Imagine that the ball is sitting on a table, flat side down. By symmetry the centre of mass is on the vertical line through the centre of the ball. The only question is: How far up?

We will calculate the moment of the ball about the plane of the table, and divide by the mass of the half-ball. By a standard formula, the mass of the half-ball is $\dfrac{2\pi}{3}$.

Imagine now that the half-ball is an industrial ham. Imagine a very thin slice of that ham, sliced parallel to the table, but left in place. Let the slice be taken from height $z$ to height $z+dz$, where $dz$ is extremely small. The slice is almost a cylinder of very small height $dz$.

We first calculate the radius $r=r(z)$ of the slice. By the Pythagorean Theorem, we have $r^2+z^2=1$, so $r=\sqrt{1-z^2}$.

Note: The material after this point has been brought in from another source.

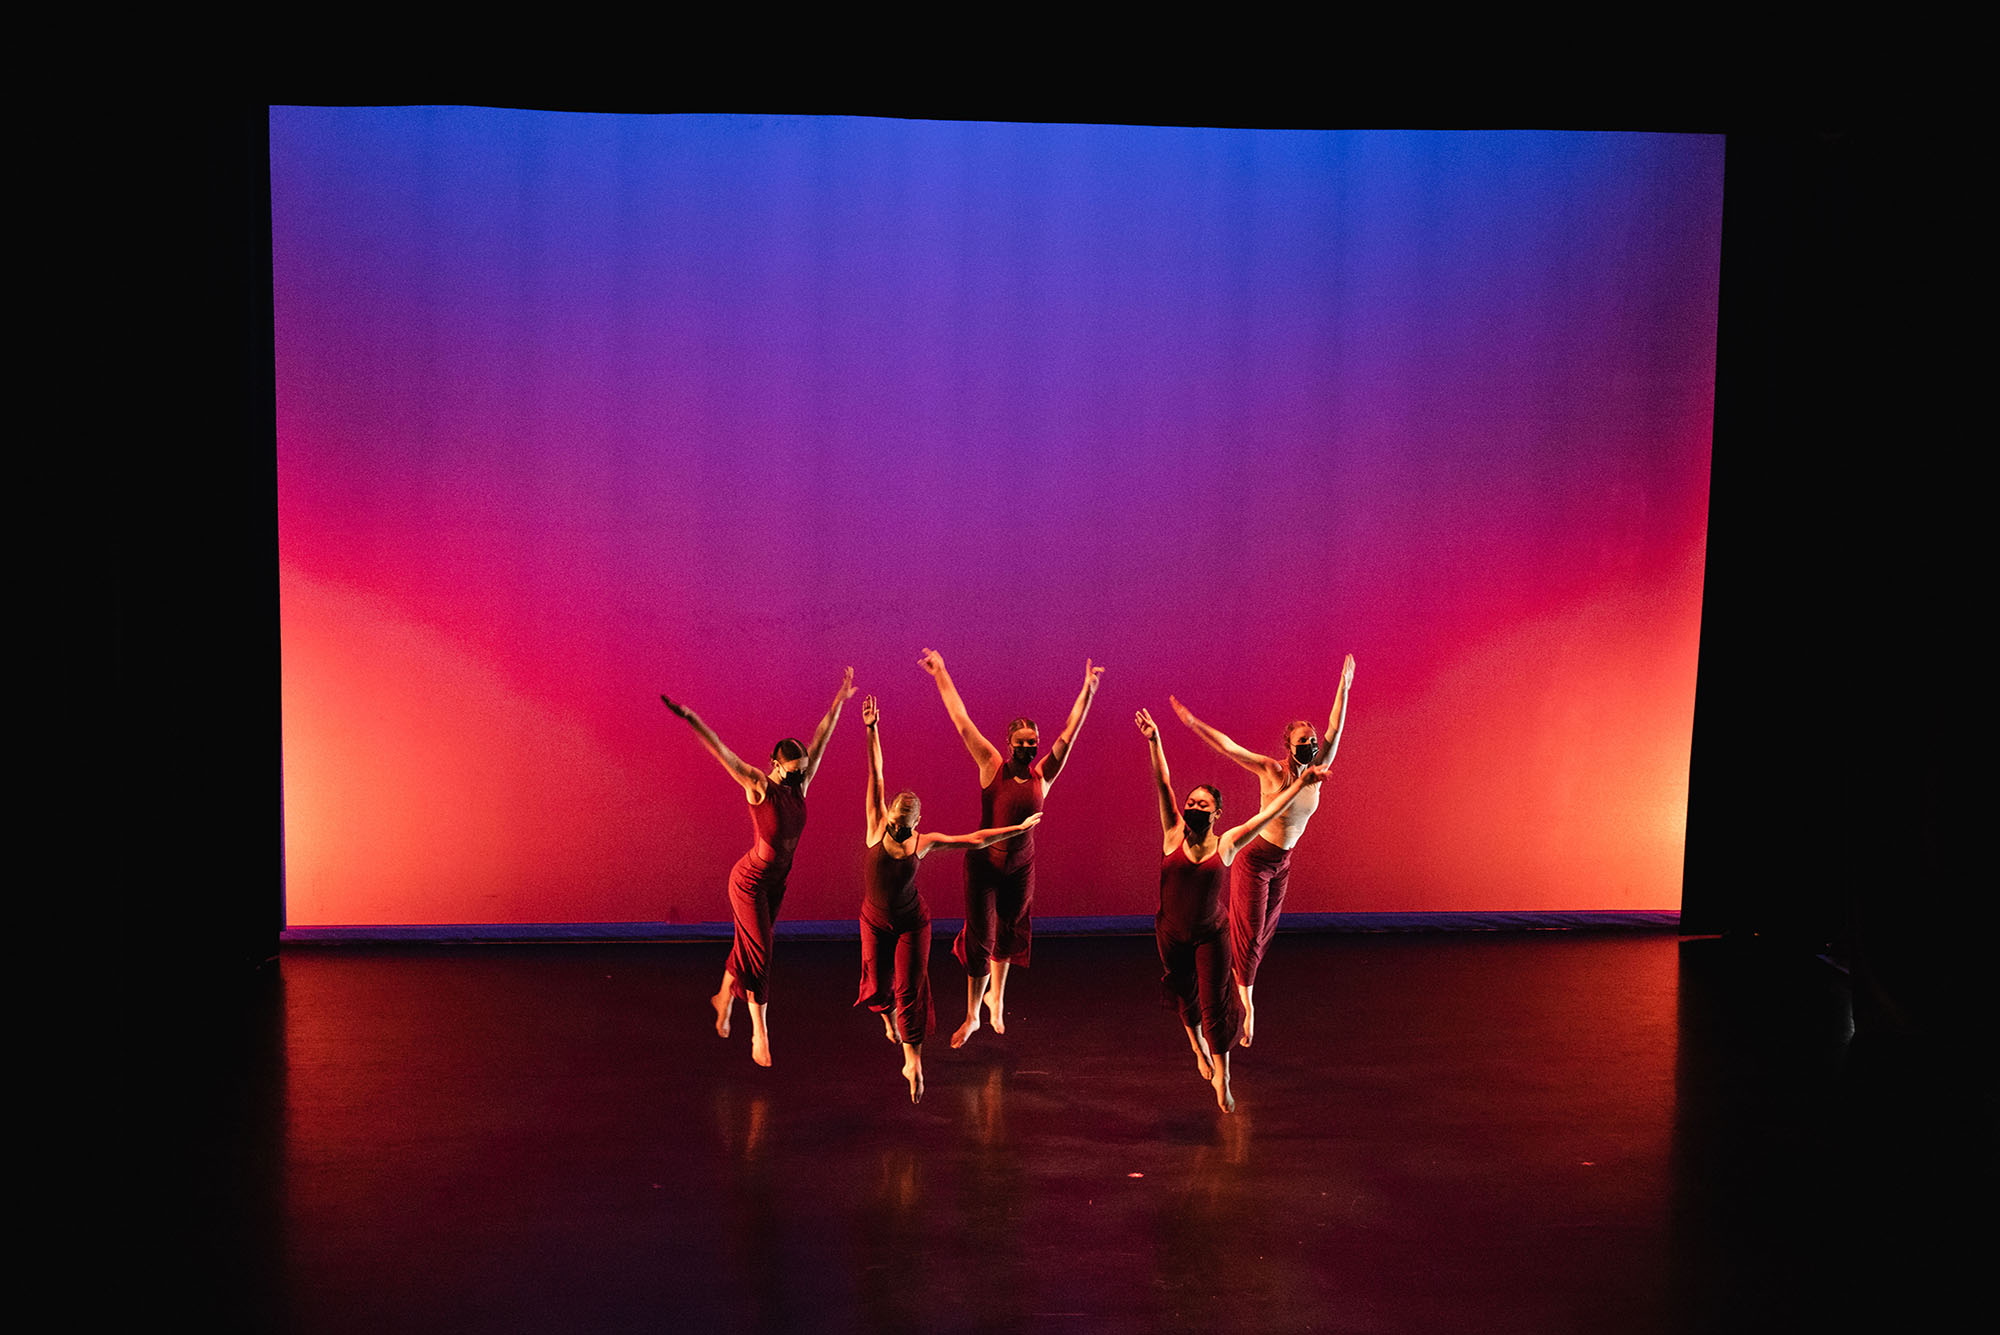 photo of 5 dancers on stage int he Fall 2021 Origins performance. They dance with toes pointed and arms in air, as they all wear black leotards and hair styled in sleek buns. They are illuminated by a red, purple, orange, and blue light that mimics the look of a sunrise on the backdrop.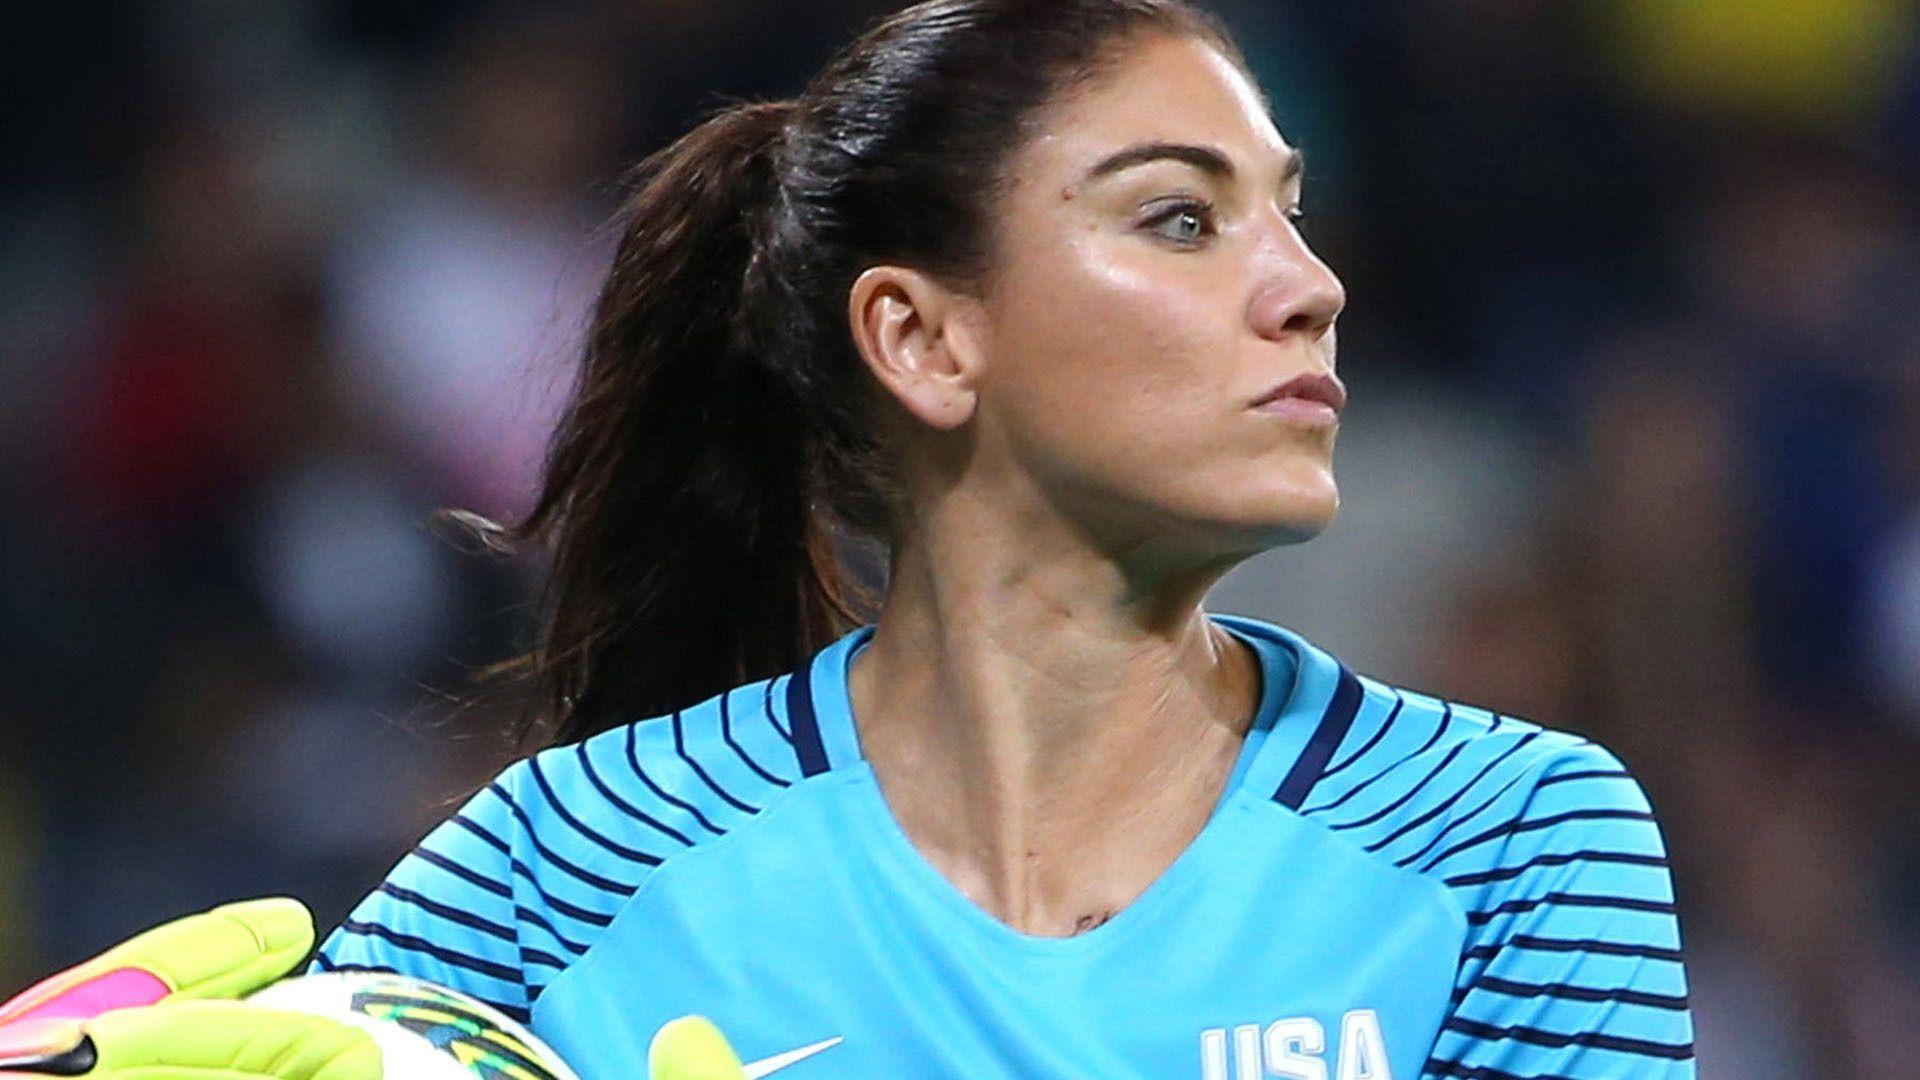 Hope Solo Wallpapers Image Photos Pictures Backgrounds.

Thus the area of the slice is $\pi r^2=\pi(1-z^2)$. The thickness is $dz$, so the volume, and therefore the mass, of the slice is approximately $\pi (1-z^2)\,dz$.

The slice is at perpendicular distance $z$ from the table. So the moment of the slice about the plane of the table is approximately $\pi (1-z^2)(z)\,dz$.

"Add up" (integrate) from $z=0$ and $z=1$. The full moment of the ball is $$\int_0^1 \pi (1-z^2)(z)\,dz.$$ Calculate. We get $\dfrac{\pi}{4}$.

Finally, divide by the mass $\dfrac{2\pi}{3}$. We get $\dfrac{3}{8}$.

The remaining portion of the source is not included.